# Par data for kessil tuna sun a360we



## islanddave1 (Jul 5, 2013)

I have a couple of these on my 125 and they seem to be doing their job just fine. I would like to know if anyone has any par data on them. I know kessil won't publish anything at all r3garding their lights.....but has someone tested them independently?

Thanks dave


----------



## jeffkrol (Jun 5, 2013)

islanddave1 said:


> I have a couple of these on my 125 and they seem to be doing their job just fine. I would like to know if anyone has any par data on them. I know kessil won't publish anything at all r3garding their lights.....but has someone tested them independently?
> 
> Thanks dave


none for the fw versions nor the 360.. you can extrapolate a bit from the 350 reef version though..
360 adds 4 more diodes..
There are a few more:
Kessil A350 PAR readings | 3reef Aquarium Forums

note though this is 3" above the water surface readings..


----------



## islanddave1 (Jul 5, 2013)

Yup..... I'm obsessed with trying to figure out which lights to buy. Am I the only one who looks at light sources out in the public weather they be hanging from ceilings in stores or attached to walls and thinks hum....I wonder if that could be adapted for use in a planted tank? 

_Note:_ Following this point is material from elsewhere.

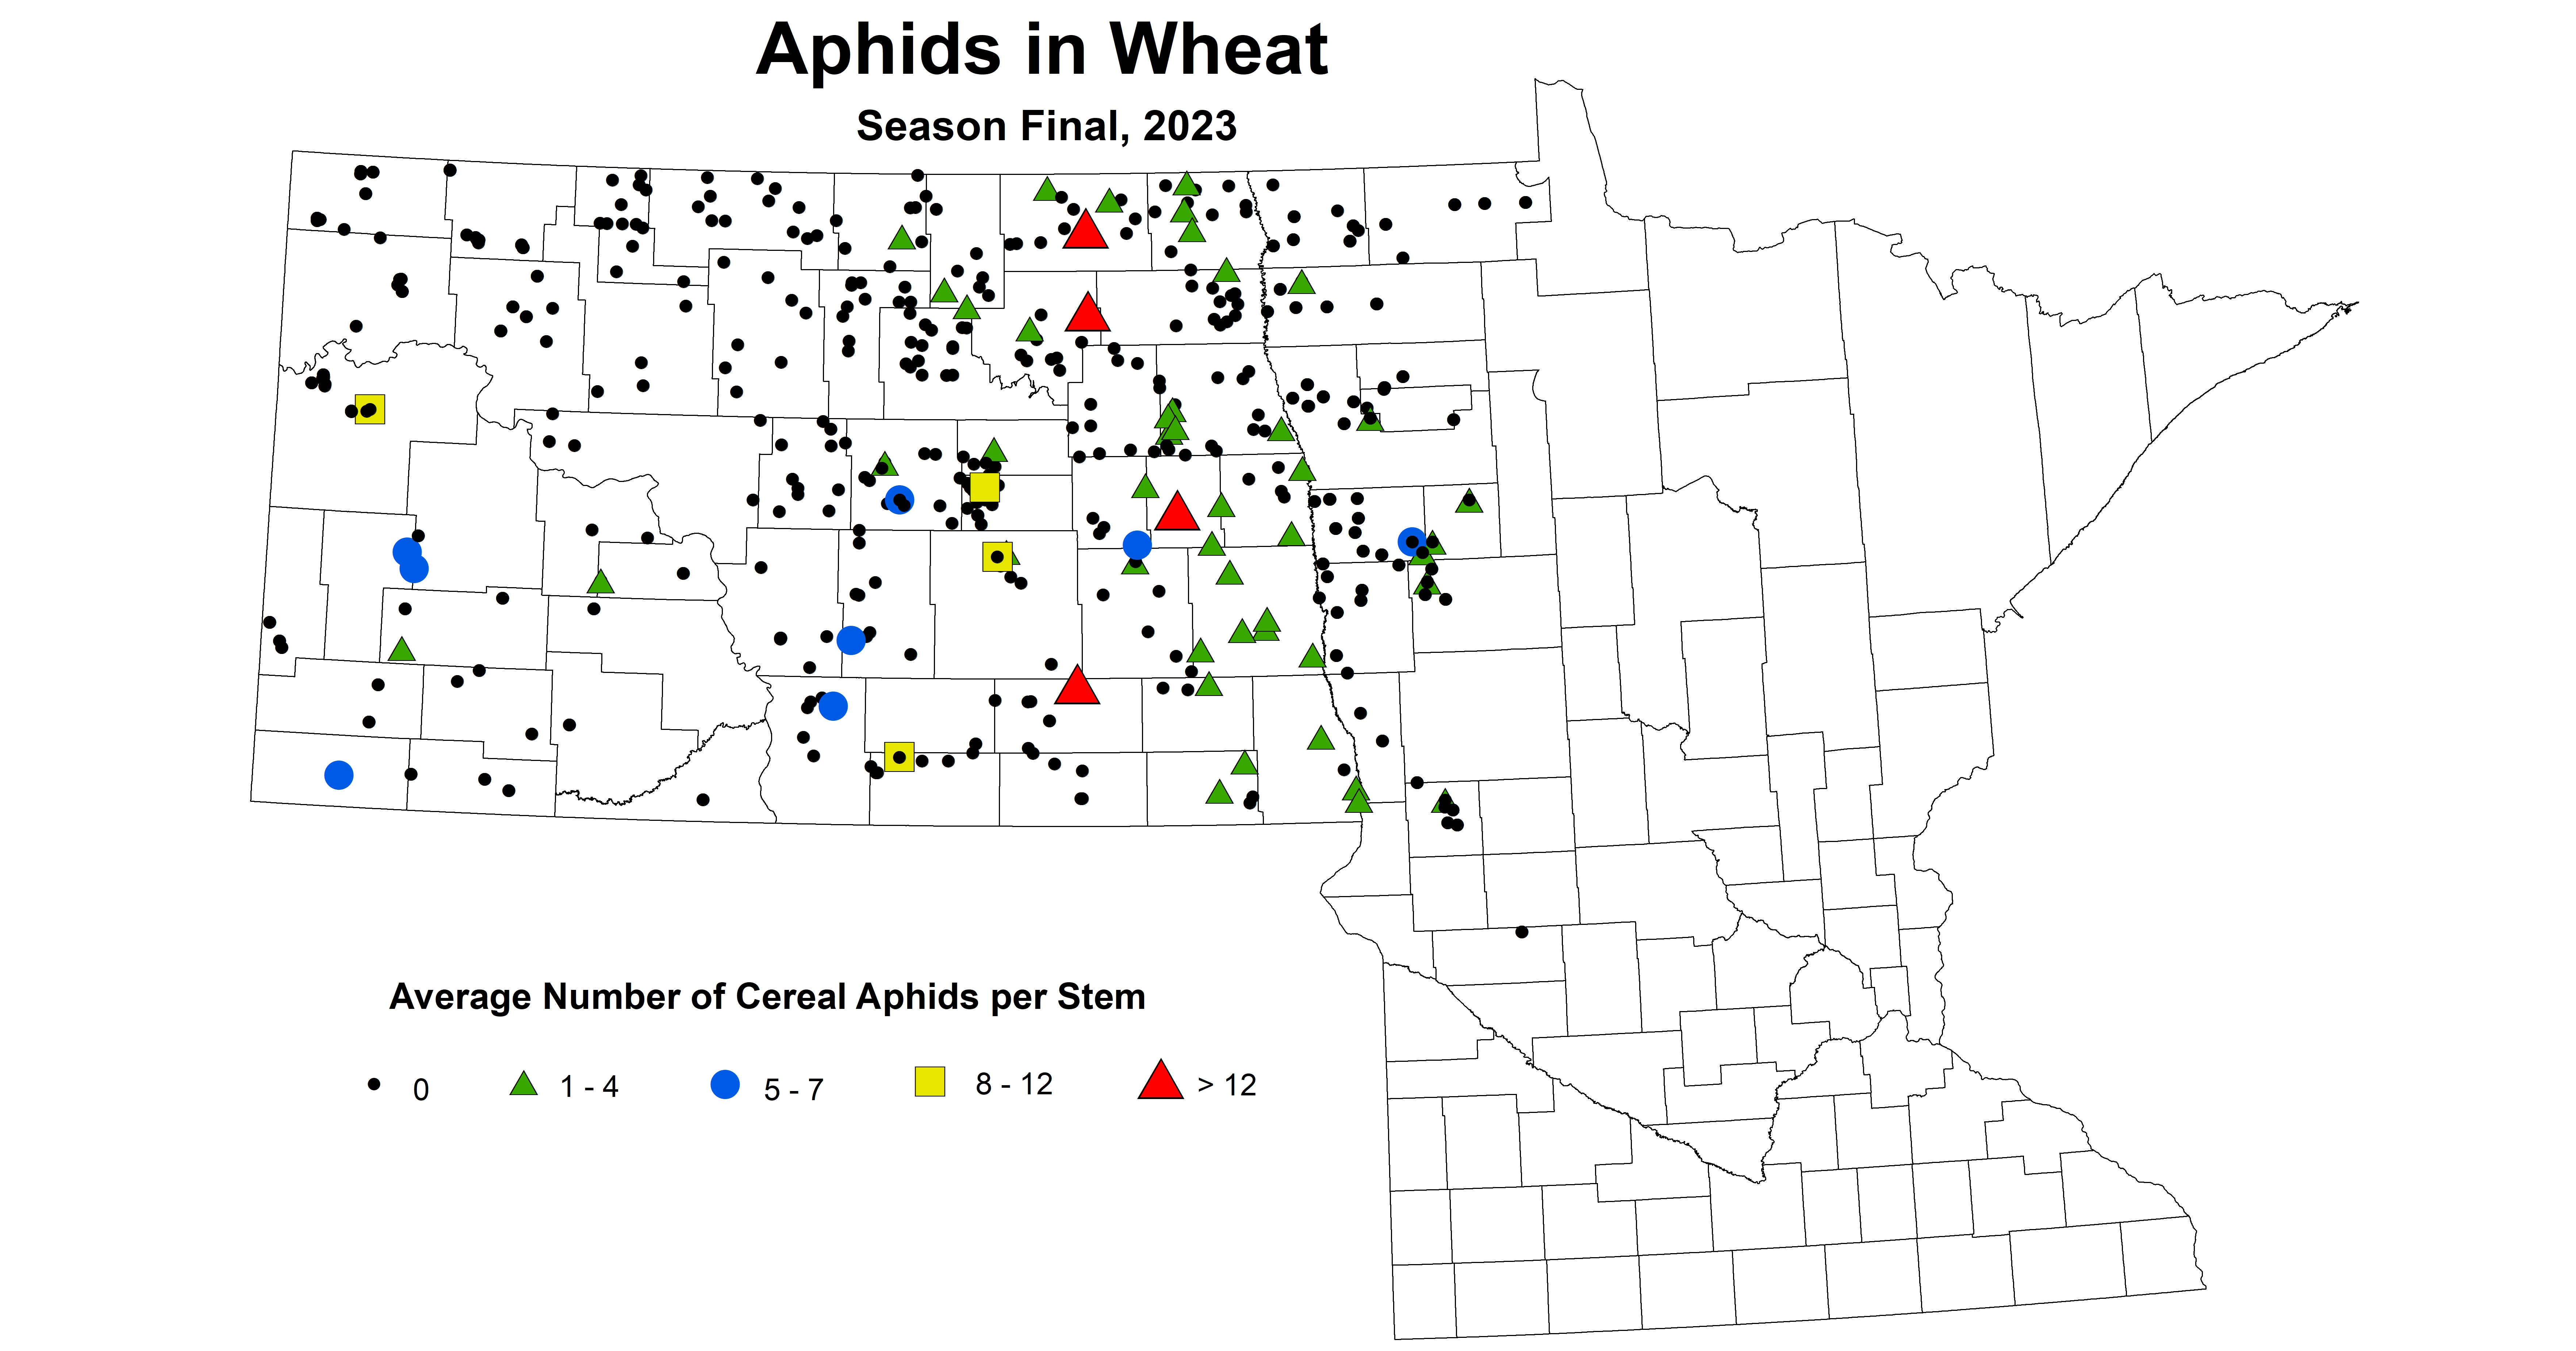 wheat aphids season final 2023

Thanks for the link.....so extrapolating from that I would assume that I might be getting at minimum about 50 par @ 23 inches? Now mind u that kessil was a narrow beam 60 degree (and was mounted 3" above the water) I think where as the we is 120 degrees I think so 50 or less par @ 23" would be about right. That's medium light correct?

Does my math seem sound?

Thanks Dave


----------